Сергей Павлович стал просматривать газеты. Первые страницы газет сообщали: «Сын Стрешнева пытался отравить свою семью», «Жена Стрешнева спала с министром тяжелой металлургии и заразилась сифилисом», «Дети Стрешнева – не его дети» и так далее и тому подобное.

– Господи, как стыдно! Как стыдно и страшно! Вы себе не представляете! – тяжело вздыхая, прошептал Сергей Павлович. – Это какой-то сон. Какой-то кошмарный сон.

– А это и есть сон, Сергей Павлович, – сказал я.

– Как это сон? – удивился Сергей Павлович.

– Вот так, – ответил я, – самый обыкновенный сон. Правда, немножко кошмарный.

– Немножко? – переспросил Сергей Павлович.

– Вы правы, Сергей Павлович, сон действительно кошмарный. Без всякого немножко, – сказал я. – Но так было надо, чтобы спасти Вас. Через час Вы проснётесь и поймёте, что ничего страшного пока не произошло. Но! Всё это только пока, Сергей Павлович. Если не предпримете мер, то всё случится именно так, как Вы видели во сне и как о том сообщают вот эти газеты.

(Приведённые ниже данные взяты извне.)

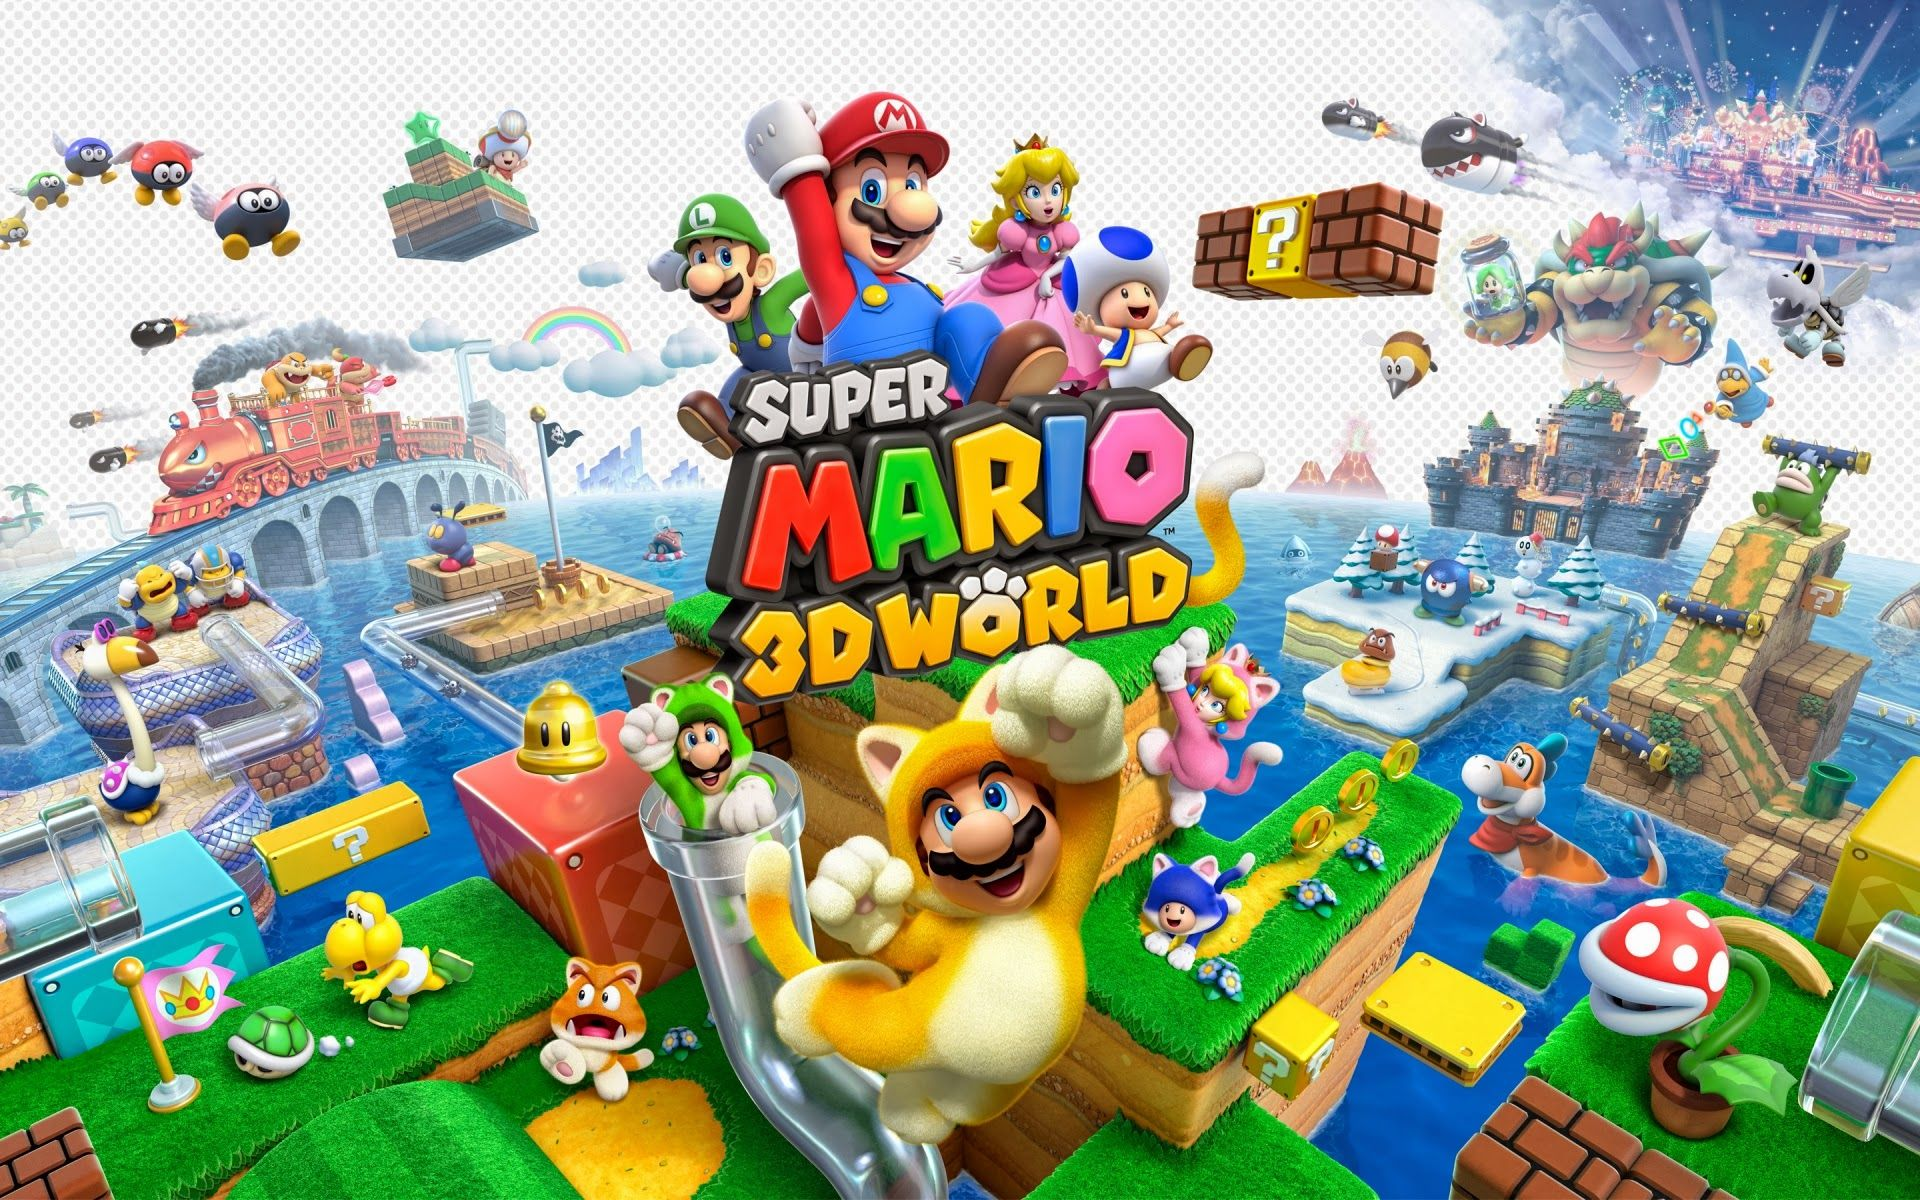 super mario 3d world coloring pages super mario 3d world coloring pages | Super Mario 3D World  super mario 3d world coloring pages

– А Вы, господин президент, какую роль играете во всей этой глупости? – спросил Сергей Павлович.

– Я – не президент, Сергей Павлович, я – автор снов, – ответил я. – Но я работаю и с президентом, и не только с ним. Президенту я сейчас сочиняю совсем другой сон. Если Вас это успокоит, то ему снится сейчас ещё больший кошмар, чем Вам.

– Что может быть кошмарней, чем то, что Вас хочет отравить собственный сын, который даже Вам и не сын, а следствие измены Вашей жены, которая к тому же больна сифилисом? Кстати! Почему вдруг сифилисом? – спросил Сергей Павлович.

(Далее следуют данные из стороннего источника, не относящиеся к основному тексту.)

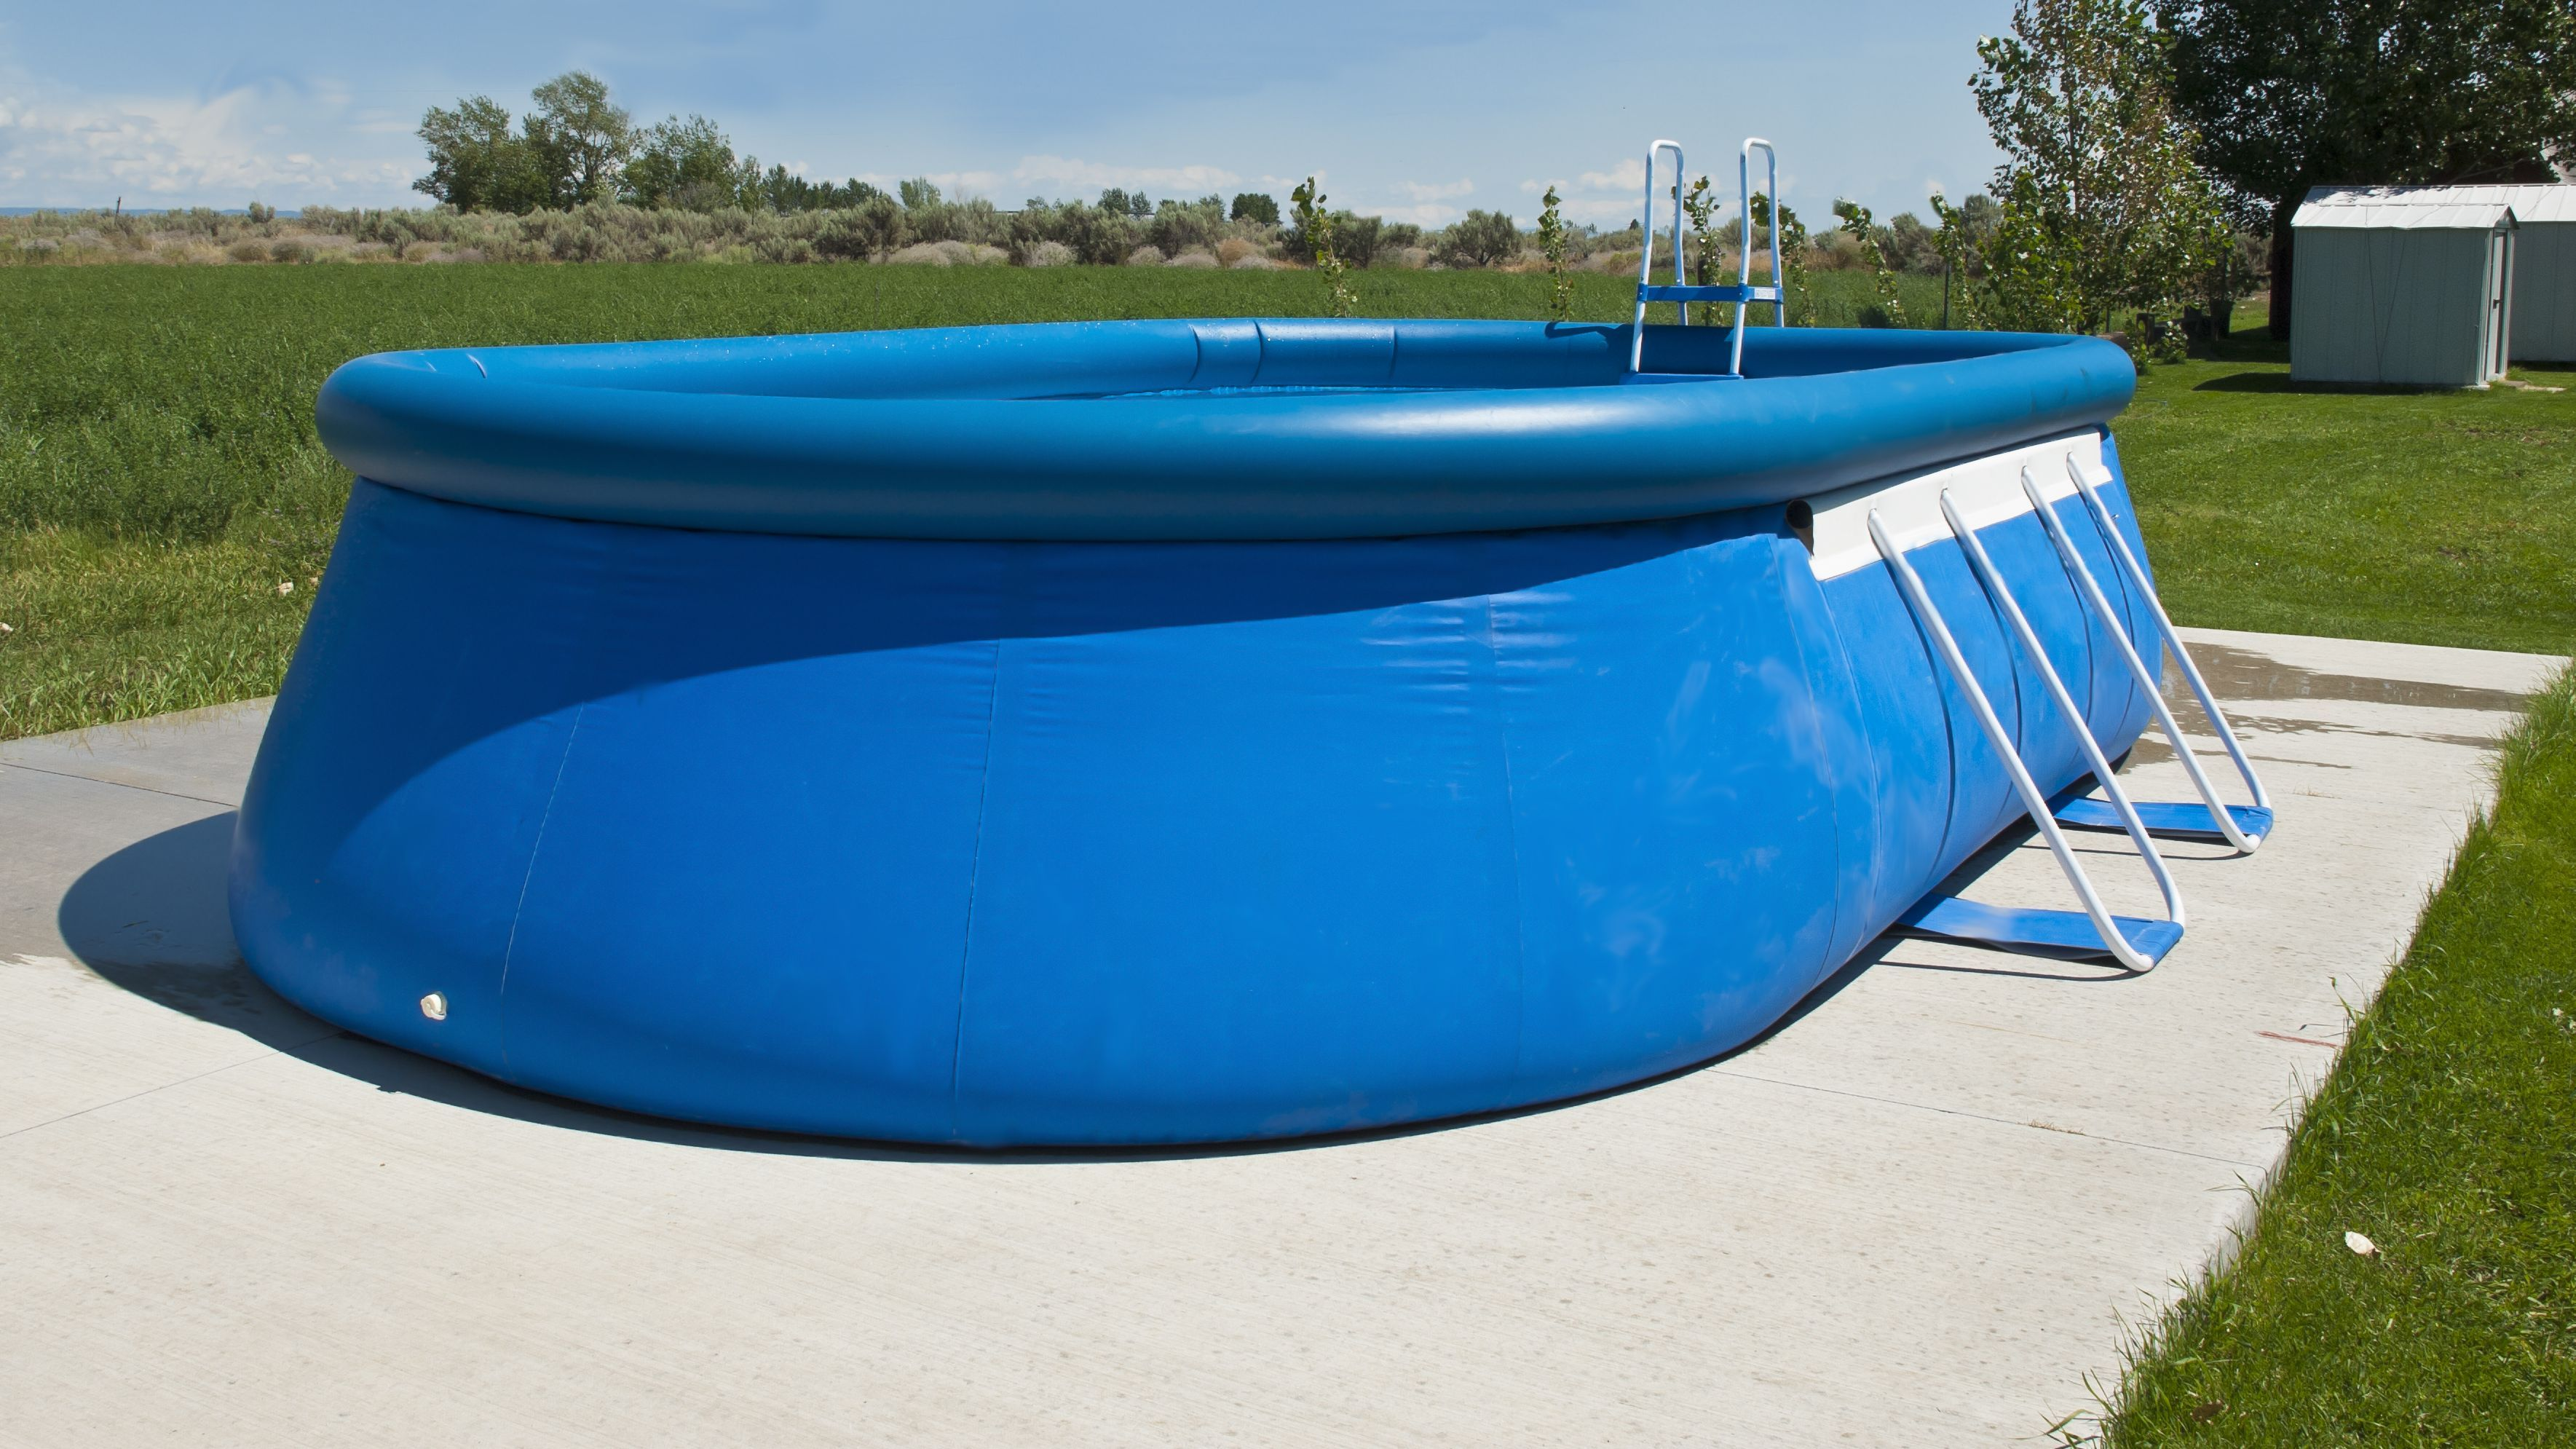 Come installare una piscina autoportante

– Сифилис – это первое, что пришло в голову, Сергей Павлович, – ответил я.

– Всё равно, мне кажется, что кошмарнее моего сна уже придумать нельзя, – сказал Сергей Павлович.

– Может, Сергей Павлович, – сказал я. – Может быть и кошмарней. Желаете взглянуть на сон президента? Могу устроить. Час времени у нас ещё есть.

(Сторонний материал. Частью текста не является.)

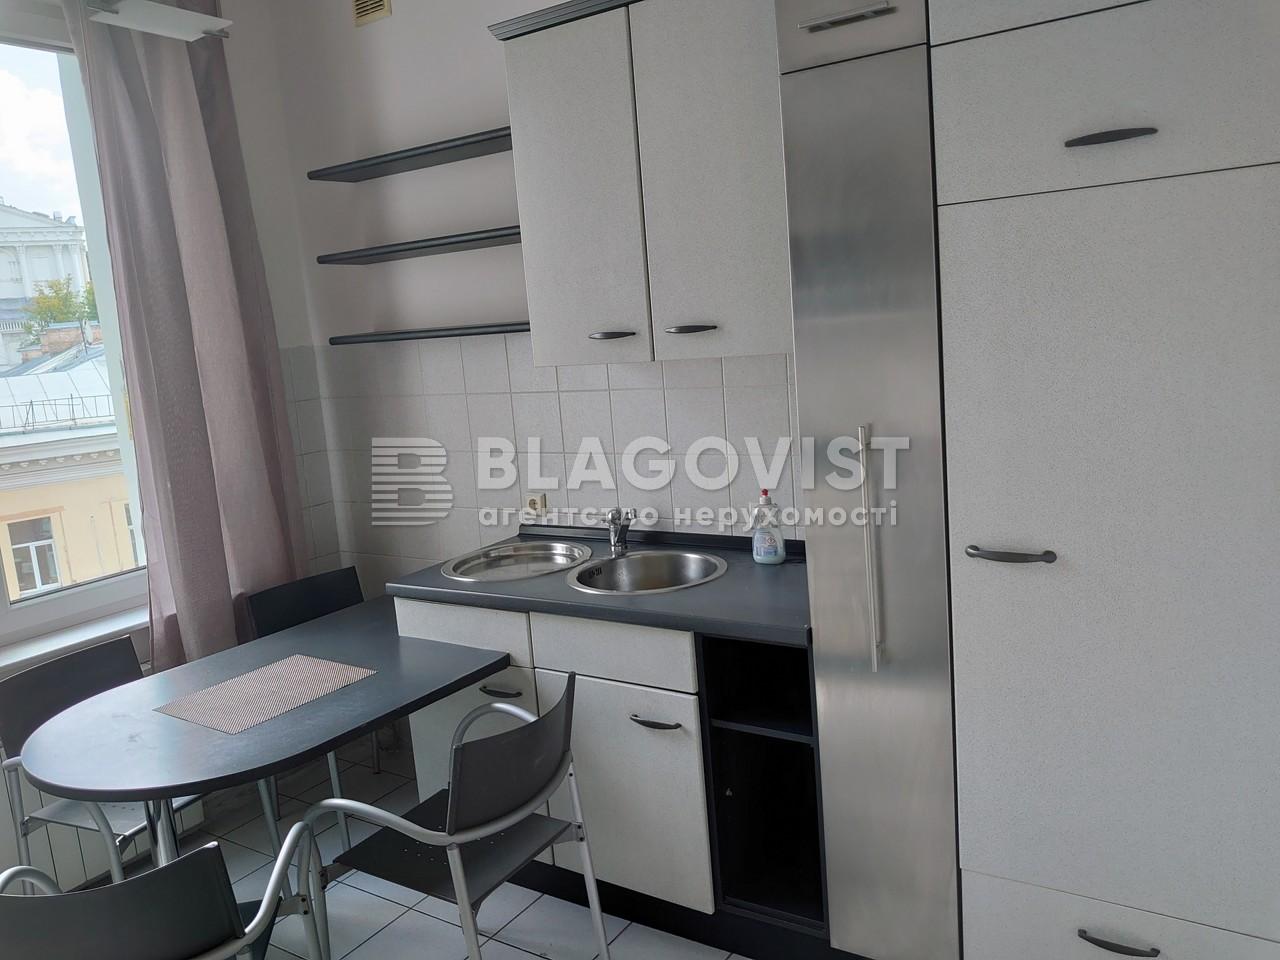 Квартира R-39925, Крещатик, 21, Киев - Фото 16

– Я с удовольствием, – ответил Сергей Павлович. – Теперь, когда я знаю, что всё это только сон, почему бы и не развлечься? Но… Сифилис!? У моей жены!? От любовника? От министра тяжелой металлургии!? Как вообще такое могло прийти Вам в голову?

– Могло. Могло, Сергей Павлович. Могло и не такое. Я специалист по кошмарным снам. И предупреждаю, Сергей Павлович, что у Вас остался только час сна, – сказал я, – проснётесь без предупреждения.

– Я согласен, – ответил Сергей Павлович.

– И вот ещё что, Сергей Павлович, – сказал я, – прошу Вас ко всему относиться спокойно. Напоминаю, что всё это Вам только снится. Вы меня понимаете?

– Я Вас понимаю, писатель, – ответил Сергей Павлович, – я постараюсь сохранять спокойствие.

Глава тридцать четвёртая

– Уже уходите? – поинтересовалась Ольга Николаевна.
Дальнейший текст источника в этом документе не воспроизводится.